I went back in the house to identify the bird which turned out to be a Great Blue Heron and went out again to see if it flew down to the pond. It was at the pond but it was the larger pond near the house so it immediately flew off as soon as I opened the door, this time to the other neighbors' roof. So I never did get a good photo of the bird and it eventually got tired of my peeking up at it and flew off. I wish it were a selective eater and would take some of our unwanted ubiquitous comets, it looked quite skinny and could have used a nourishing meal, but I sure wouldn't want a wholesale massacre perpetuated by an unknown raccoon when it took 4 large Koi out of the big pond.

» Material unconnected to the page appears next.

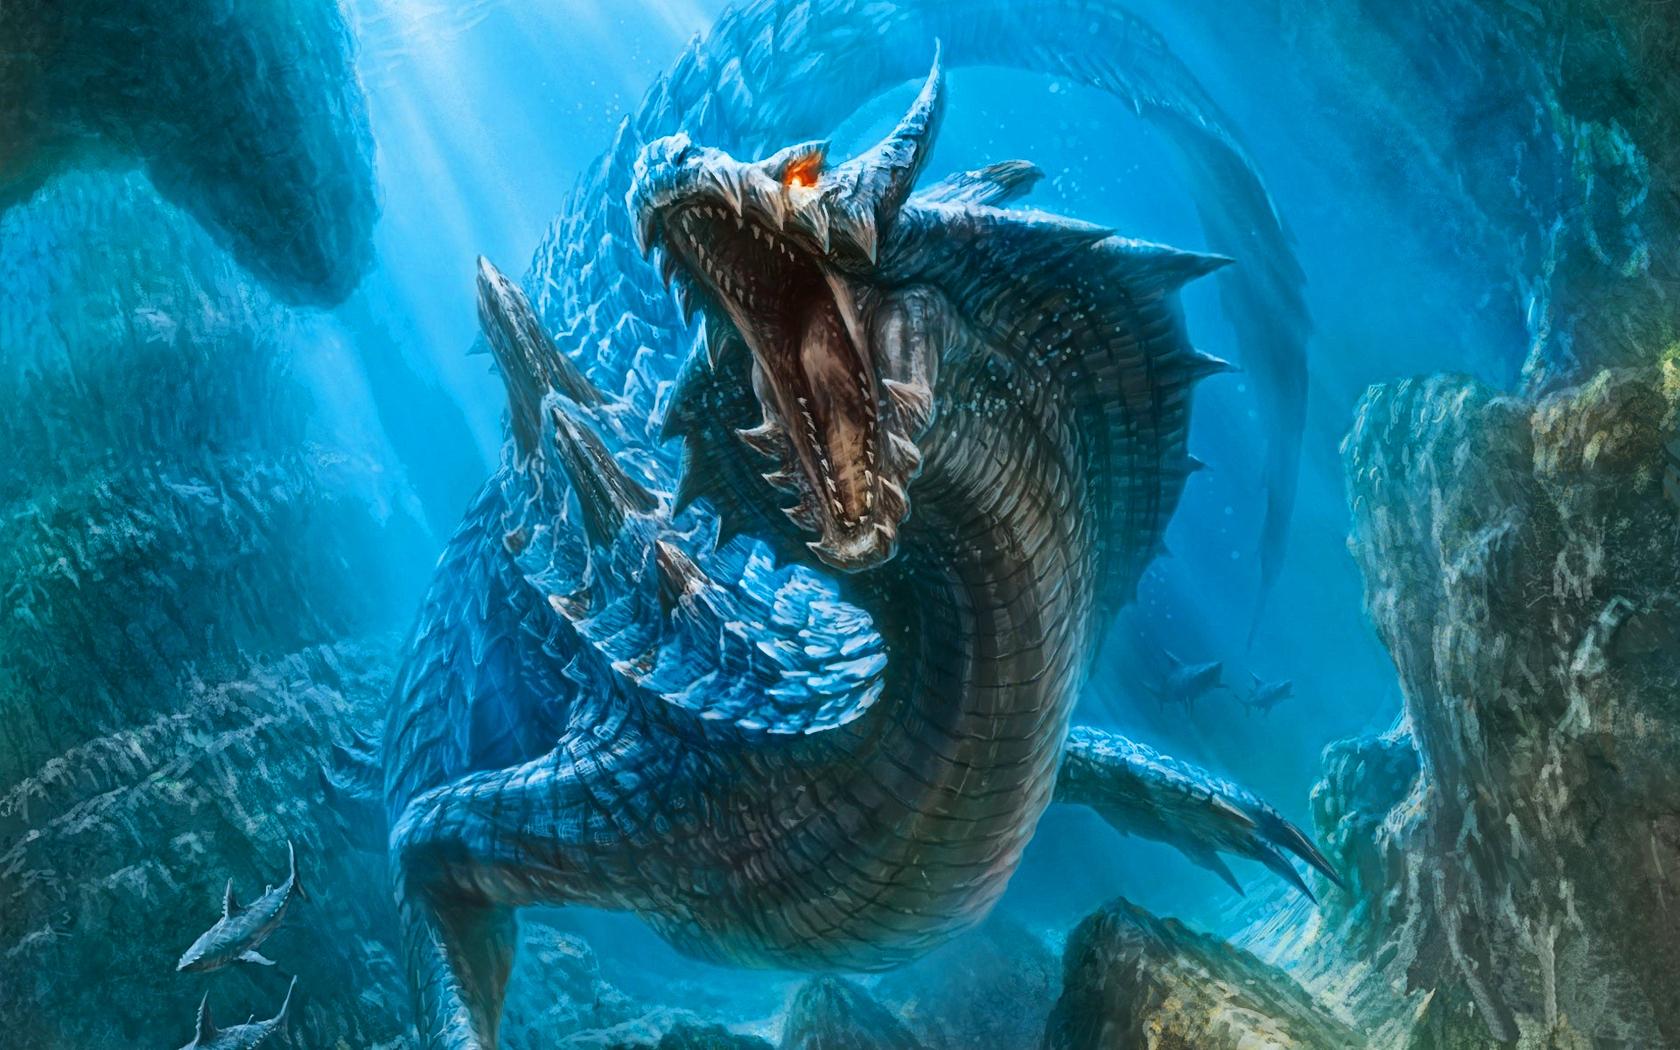 Water-dragon-wallpaper

The Great Blue Heron, Ardea herodias is North America's largest heron. It's length is about 48" and has a wingspread of 80"

Sunday, November 11, 2007

A crummy picture of Comet Holmes

This is a photo of comet Holmes I took with my Panasonic DMC FX3 point and shoot digital camera without any telescopic attachment, this evening November 12th. You can see the comet in the left middle of the picture. It's the fuzzy, barely discernible object below and to the left of the brightest star - you can see the comet better if you enlarge the photo by clicking it. In the 15 second exposure with 3X telephoto (it seemed silly to use the telephoto when the object was so small) you can see the movement of the stars which makes stars into an elongated blobs rather than a points of light. The comet was much brighter the previous night, November 11th and seemed to be quite large, about 1/4 - 1/2 the size of the moon. This was by far the biggest and easiest comet I've seen with the naked eye. Clouds were streaming in so I wasn't able to experiment and try for a better photo.

Thanks to Entangled who mentioned that Comet Holmes was visible.

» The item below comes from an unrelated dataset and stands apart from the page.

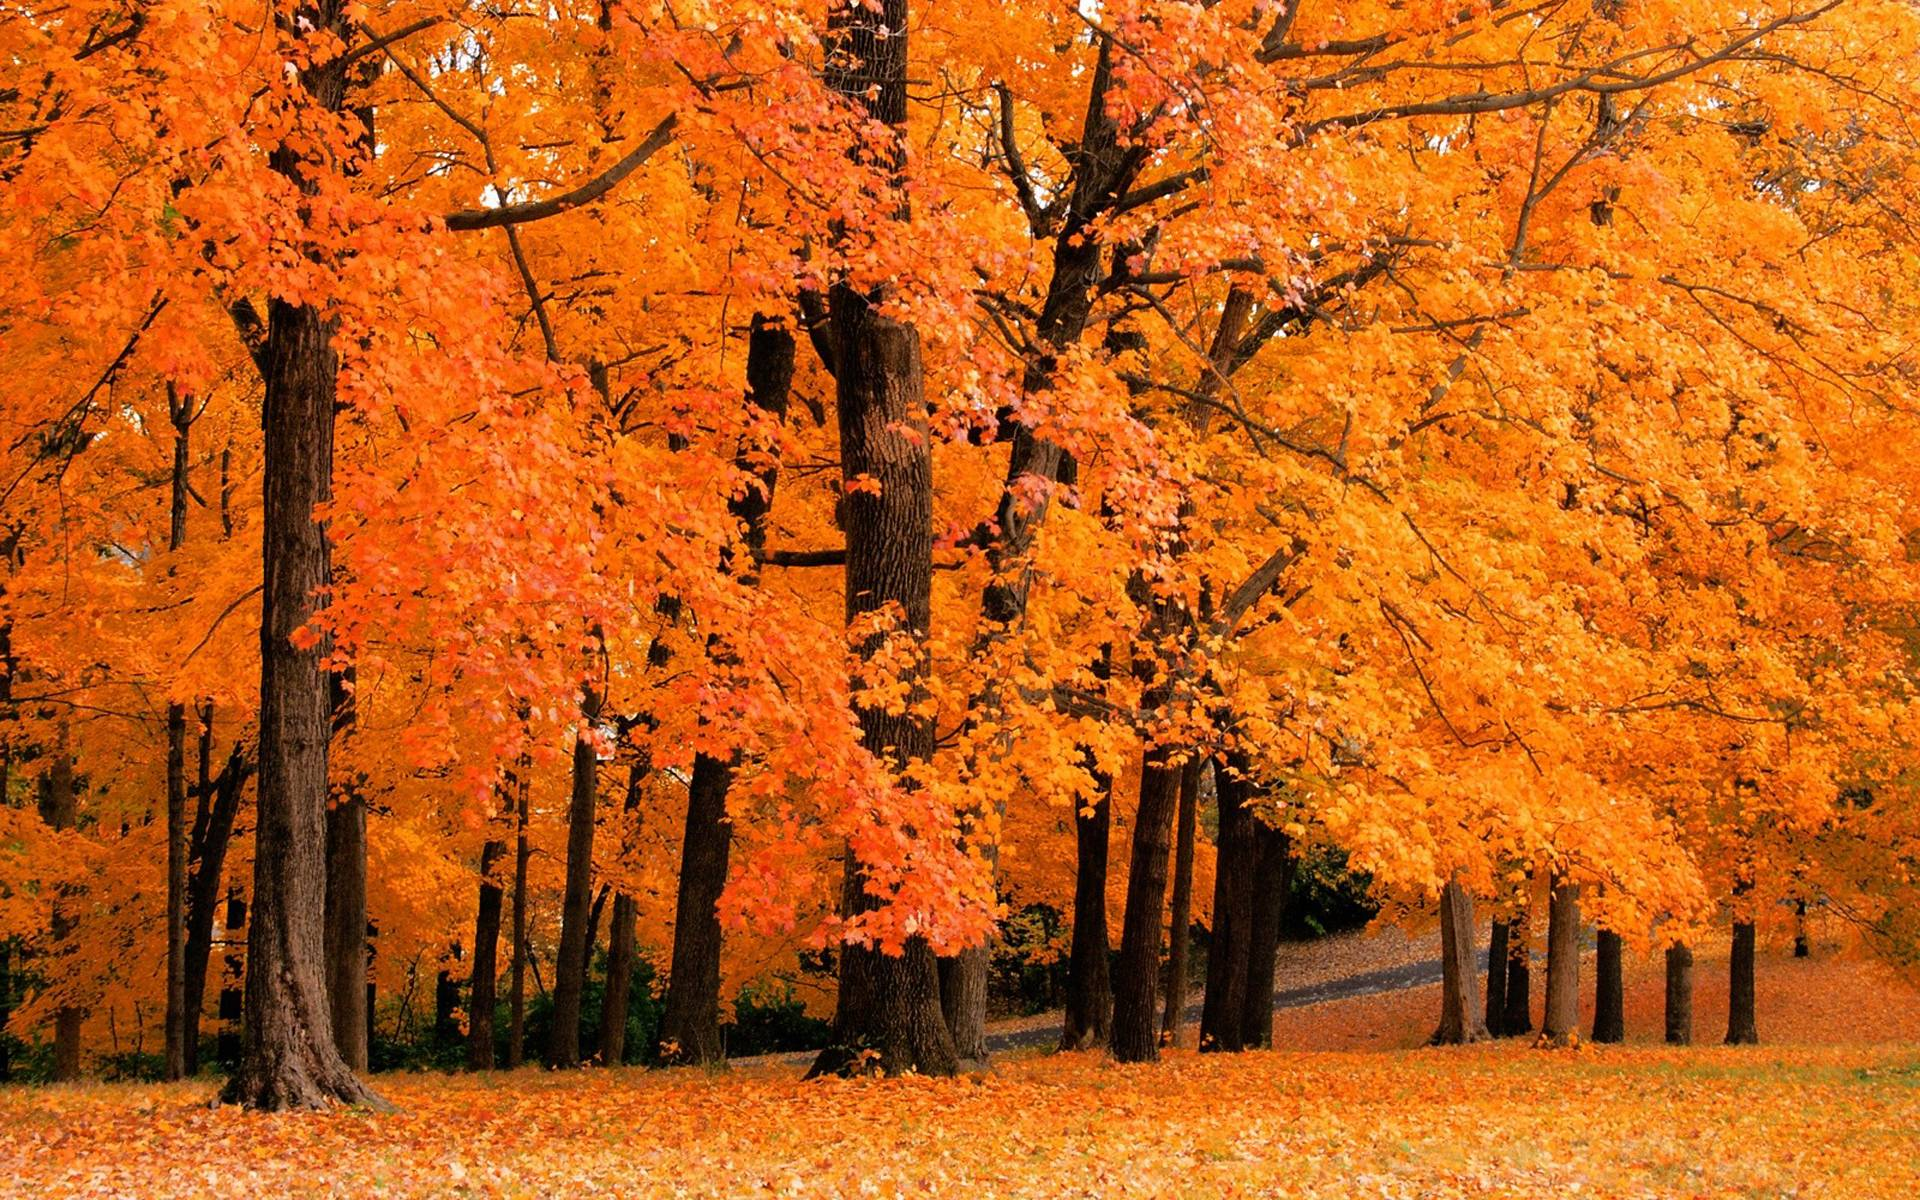 fall desktop background fall leaves desktop background Desktop 1920x1200

Here's a great site to see wonderful photos of the comet and how to find it.

Friday, November 09, 2007

Greenup: when plants turn green in spring and why despite global warming, plants below 35 degrees latitude remain dormant longer.

From the Wired online magazine site.

Plants have begun to set forth flowers and buds earlier because of the warming climate. But in some areas of North America plants actually green up later than usual. This article explains why.
Here's my quick take on the article if you don't want to read it in it's entirety.
35 degrees latitude cuts through North Carolina. Plants north of the line receive enough chilling days (actually chilling units) to come out of dormancy quickly and are ready for an early warm up. Plants south of the line don't receive enough chilling hours so remain dormant even if the temperatures are warm enough to set forth flower and vegetative buds safely.

Thursday, November 08, 2007

Acer palmatum, Sango kaku (Coral Tower) Japanese Maple fall colors

The Acer palmatum 'Sango Kaku', Syn. 'Senkaki' (Coral Bark maple, Cinnabar Wood maple [Vertrees]) is the second Japanese maple to turn this fall. This is the oldest Japanese maple in the yard except for the 'Bloodgood' we inherited when we moved into the home.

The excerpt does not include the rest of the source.